However, my experience was that paying the professionals to do it properly was, in the long run, money well spent.  One thing you need to consider is the severe impact a family addition has on cash flow till they start school, so my advice is do it properly now rather than live with crappy reception for the next five to six years.   
Ian

----------


## Iain

> arial needs to be realigned after evey wind storm

  TRy a log periodic and a decent clamp, then use s digital set top box, end of all problems. 
Small antenna, high gain, not prone to movement in wind and a big plus, 75ohm impedance, no balun to break down.

----------


## ian

[QUOTE=Iain]Try a log periodic and a decent clamp, then use s digital set top box, end of all problems. QUOTE]
Iain
I was refering to a period well before digital.  I don't know how well you know Sydney, but at the time and location I'm refering to, I could get a direct signal from Channel 10's UHF antenna at North Head or the others via a reflected signal from the Kings Cross UHF antenna.  Their directions were about 80 deg apart and the neighbour on the left could only get Channel 10!
I haven't tried free to air since digital started. 
Ian

----------


## Iain

Multiple antenna and diplexing is also an option.

----------


## Jack E

JDub, 
The house I just bought had no aerial and we were relying on rabbit ears. Then somebody told me that if you have any reception at all digital TV will give you a perfect picture.

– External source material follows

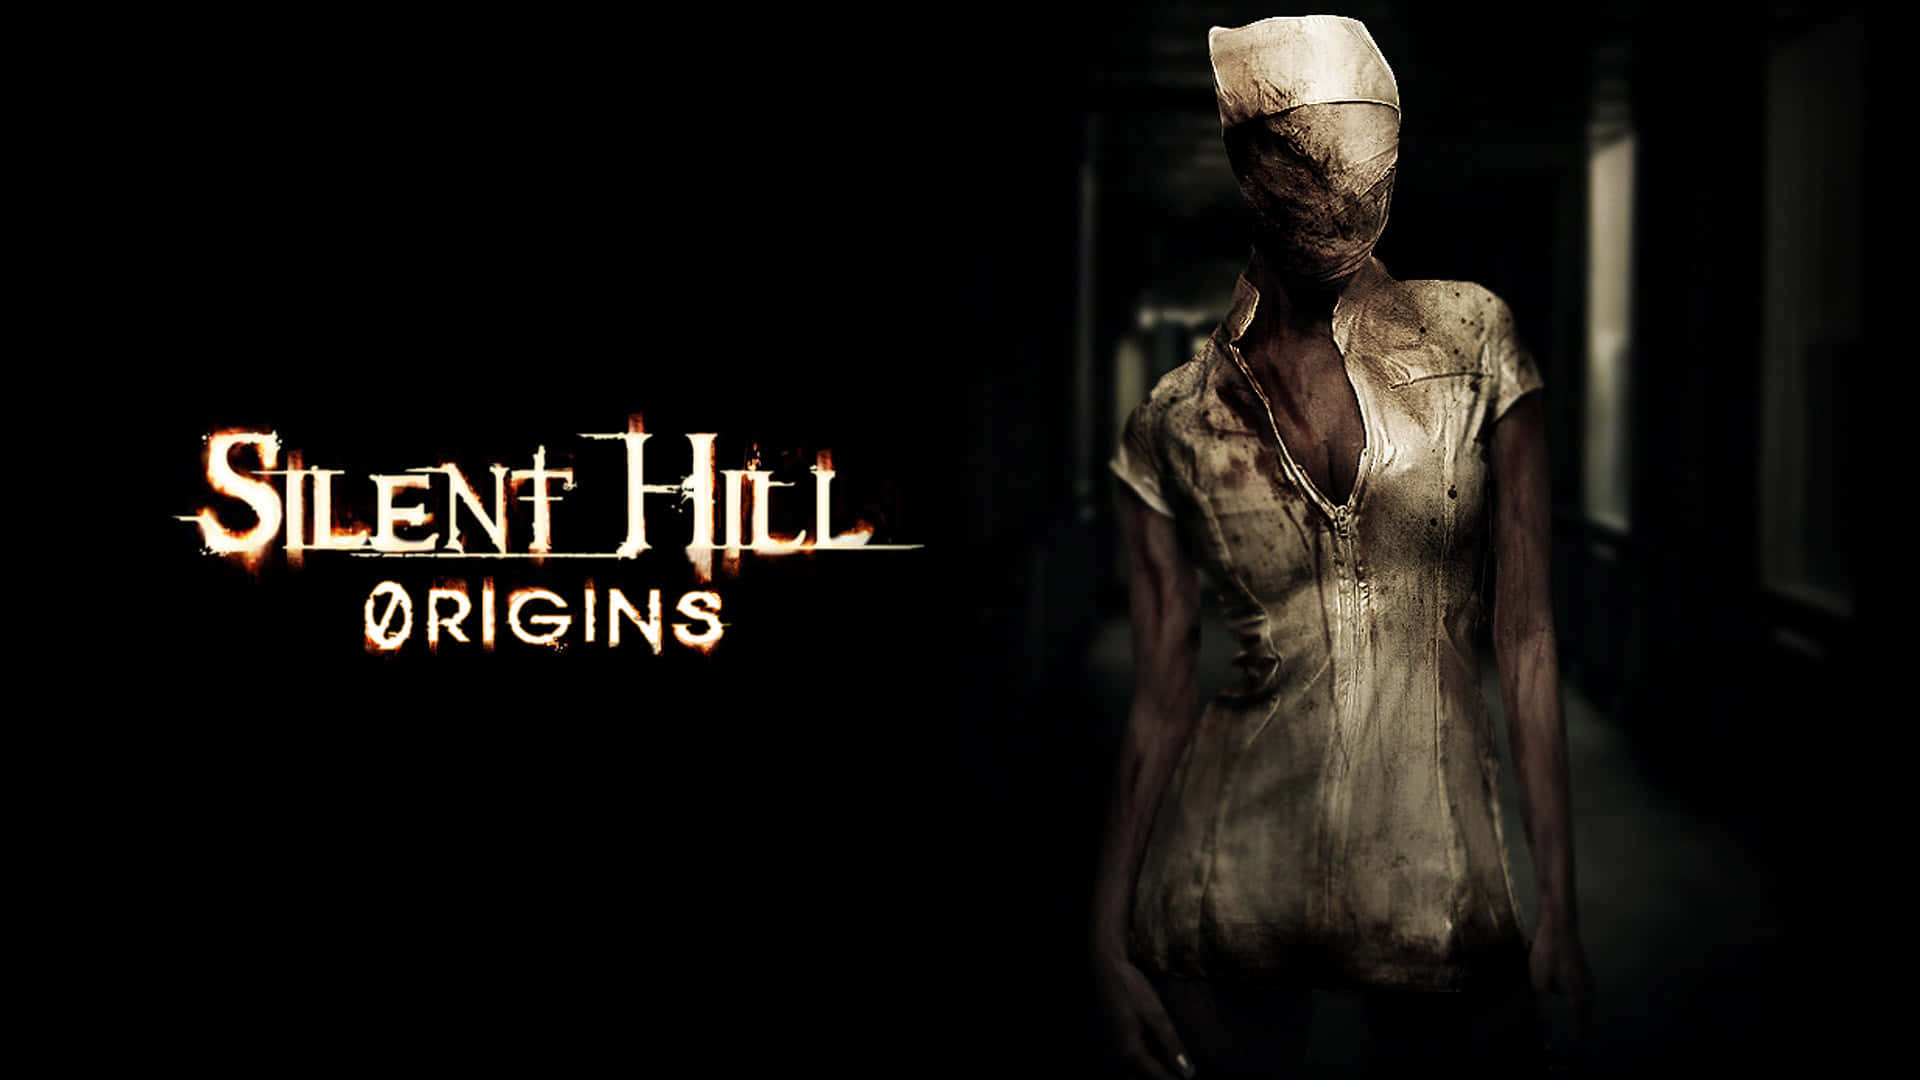 Desolate Town of Silent Hill Reveals Scary Secrets

I was a bit dubious about this but bought a SD set top box and have had a perfect picture since, only using rabbit ears which are concealed behind the corner TV unit at floor level.
When I say perfect picture I mean it is like watching a DVD.
A cheap option with no stuffing around. 
Jack

----------


## JDub

Jack E:  interesting, .........how much was the set top box? 
My reception is ok, I can get a good picture with the rabbit ears I have now but it means getting up a playing around with the aerial every time you change channel....... so what you suggest may well work.... 
Anyone else tried this?

----------


## Iain

Set top boxes start at around $130 but you get what you pay for.
Avoid brands such as Teac, Akai and stick with better known names like Thompson, Emtech etc who are big in Satelite decoders, which is the same technology, they work exactley the same way, just from a different source.
The better boxes will work as low as 30dbuv while the cheaper ones will start to drop out at about 50dbuv.
Expect to pay about $200-250 for a decent SD (standard definition) and unless you have a 100hz or plasma TV I wouldn't even consider a High Definition.
Apart from picture quality that is like watching a DVD you also get multiple SBS channels, programme guides, music channels and an information bar.
Some have teletext too, if you can be bothered waiting for it to load.
Channel ten Melb occassionally run multi channelling on some sports events so you get to chose which view you want, doesn't happen often and I watched 4 different aspects of the Malaysian Grand Prix last year.
They never tell you when it's happening though.
And, ABC have another channel too, its on 21 digital and is an alternative to whatever is on the normal analogue stream.
The better boxes also have fibreoptic audio out so you can hook into a home theatre.
I've had one now for 3 years and would never go back to analogue.

----------